Most patients undergoing a diagnostic evaluation for stable angina do not require echocardiography. More specifically, in patients with a normal ECG, no history of prior MI, and no clinical signs or symptoms of heart failure, valvular disease, or hypertrophic cardiomyopathy, it is currently contraindicated to obtain an echocardiogram (ACC/AHA Class III recommendation).6 An exception is when there is a murmur suspicious for aortic stenosis or hypertrophic cardiomyopathy on physical exam or when the echocardiogram can be obtained during or within 30 minutes of presentation with chest pain to evaluate for regional wall motion abnormalities (ACC/AHA Class I recommendation).6 In this setting, regional wall motion abnormalities have a positive predictive value for ischemia of approximately 50%, whereas normal studies identify patients at low risk for an acute infarction.6,10


Stress Testing with Nuclear or Echocardiographic Imaging


Although stress imaging modalities have greater diagnostic accuracy than exercise electrocardiography, the increased cost of these tests precludes their routine use in all patients with suspected CAD. Most commonly, nuclear (single positron emission computed tomography [SPECT] or positron emission tomography [PET]) or echocardiographic stress imaging is reserved as first-line testing in patients with abnormal baseline ECGs (i.e., pre-excitation, resting ST-segment depression ≥1 mm) or with symptoms and history of prior revascularization (percutaneous coronary intervention [PCI] or coronary artery bypass grafting [CABG]) (ACC/AHA Class I recommendation).6 In patients with either paced ventricular rhythms or left bundle branch block, pharmacologic stress myocardial perfusion imaging is preferred over stress echocardiography due to the difficulty with interpreting echocardiographic wall motion in these conditions (ACC/AHA Class I recommendation).6 For patients who are unable to exercise, pharmacologic stress myocardial perfusion imaging or dobutamine stress echocardiography is equally preferred (ACC/AHA Class I recommendation).6 For a summary of the ACC/AHA recommendations, see Table 39.4.



TABLE
39.4 ACC/AHA Recommendations for Exercise ECG Testing and Stress Imaging Studies in Stable Angina Pectoris


image


CABG, coronary artery bypass grafting; CAD, coronary artery disease; ECG, electrocardiogram; LBBB, left bundle branch block; LV, left ventricular; MPI, myocardial perfusion imaging; PCI, percutaneous coronary intervention.

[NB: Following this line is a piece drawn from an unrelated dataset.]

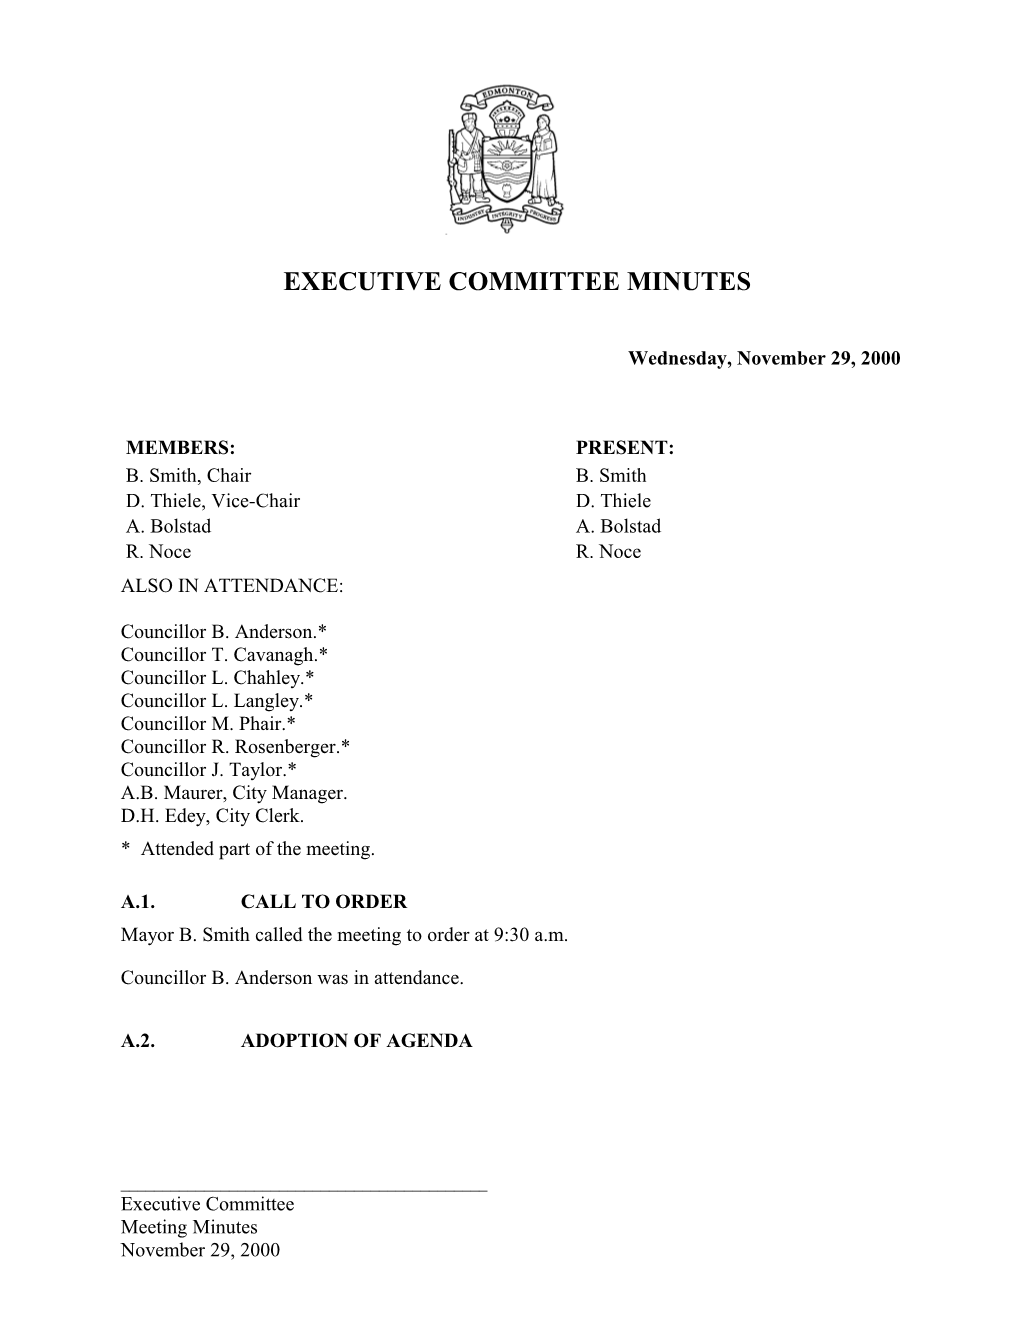 Minutes for Executive Committee November 29, 2000 Meeting
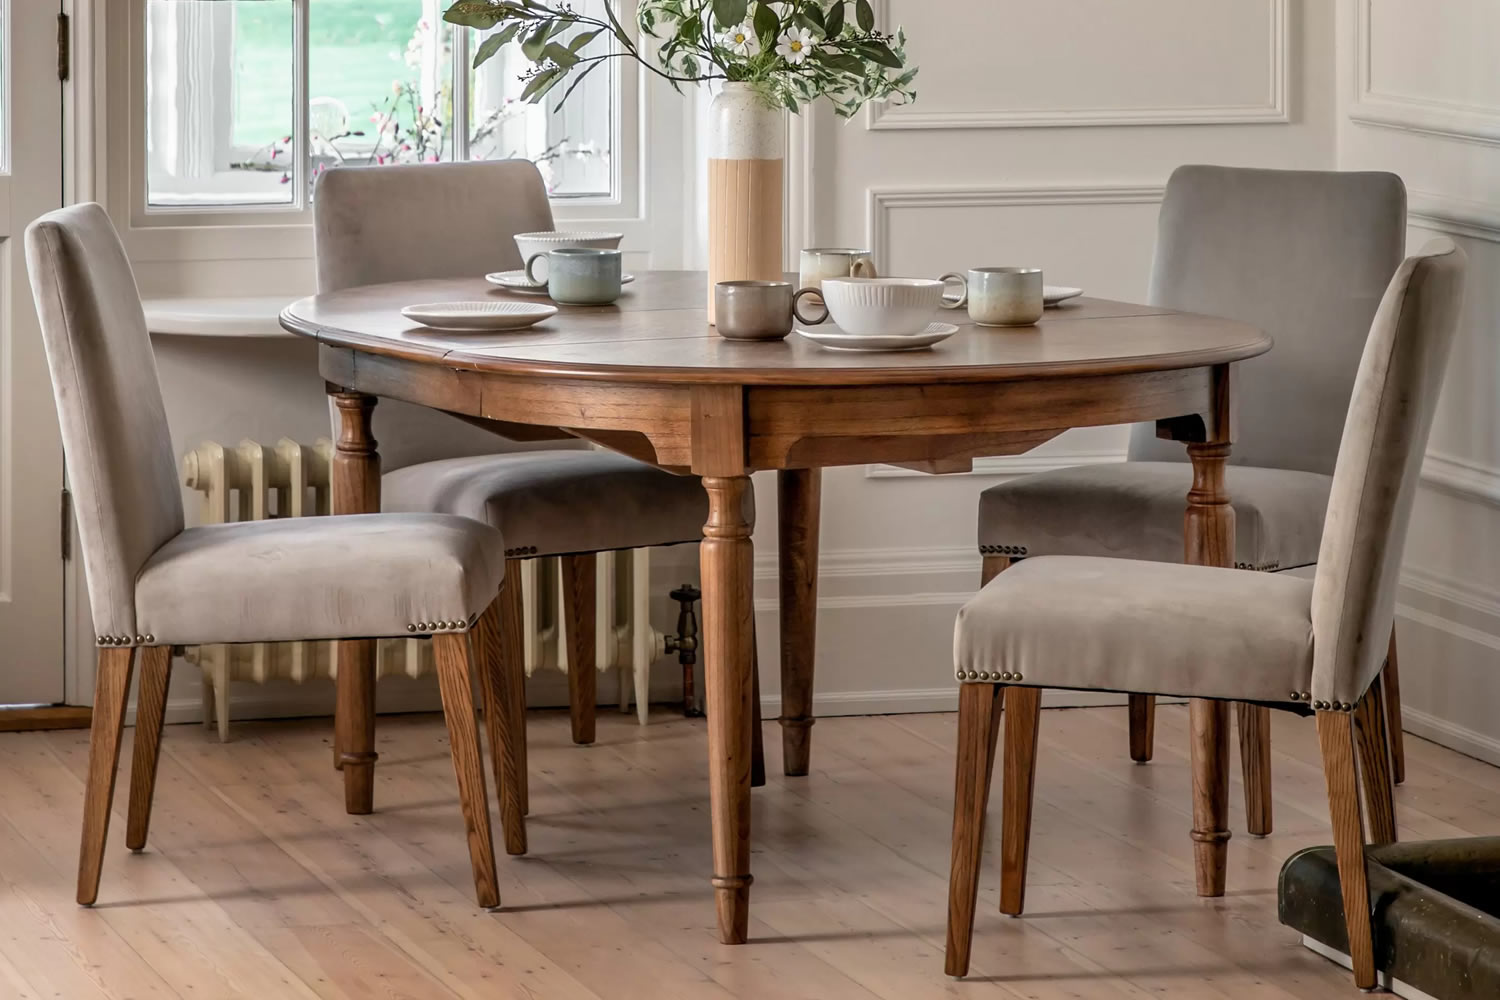 View Highgrove Small Round Extending Dining Table Crafted From Mindi Wood With Intricate Marquetry Detail SpindleTurned Legs Seats 46 People information

From Gibbons RJ, Abrams J, Chatterjee K, et al. ACC/AHA 2002 guideline update for the management of patients with chronic stable angina—summary article: a report of the American College of Cardiology/American Heart Association Task Force on Practice Guidelines (Committee on the Management of Patients With Chronic Stable Angina). Circulation. 2003;107(1):149–158, with permission.


As mentioned, stress myocardial perfusion imaging has a higher sensitivity for the diagnosis of CAD than exercise ECG in patients with intermediate risk. The data vary depending on the population studied, but generally the sensitivity is accepted to be around 90% for myocardial perfusion imaging.5 Similar numbers are seen with exercise stress echocardiography (sensitivity around 85%) and dobutamine echocardiography (sensitivity around 82%).6 The choice of test depends on both patient characteristics and local expertise in performing the different imaging modalities.


There are some special populations or situations in which exercise stress imaging should be considered over exercise ECG. Women have an overall lower prevalence of CAD than men and thus have a lower pretest probability of disease, making false-positive exercise ECGs more common. The higher sensitivity of stress imaging, therefore, could theoretically improve on the positive predictive value of the exercise ECG.6 Additionally, elderly patients are oftentimes less able to exercise due to comorbid medical conditions or deconditioning. Therefore, pharmacologic stress imaging may be the test of choice in this population.6 As with exercise electrocardiography, stress imaging results can also provide prognostic information, separating patients who are appropriate for medical therapy (low risk, ≤1% annual mortality) from those who may benefit from further angiographic evaluation and possible revascularization (intermediate risk, 1% to 3%; high risk, ≥3% annual mortality) (Table 39.5).11



TABLE
39.5 Risk Stratification Based on Findings of Noninvasive Testing


image


DTS, Duke Treadmill score; EF, ejection fraction; HR, heart rate; LV, left ventricular.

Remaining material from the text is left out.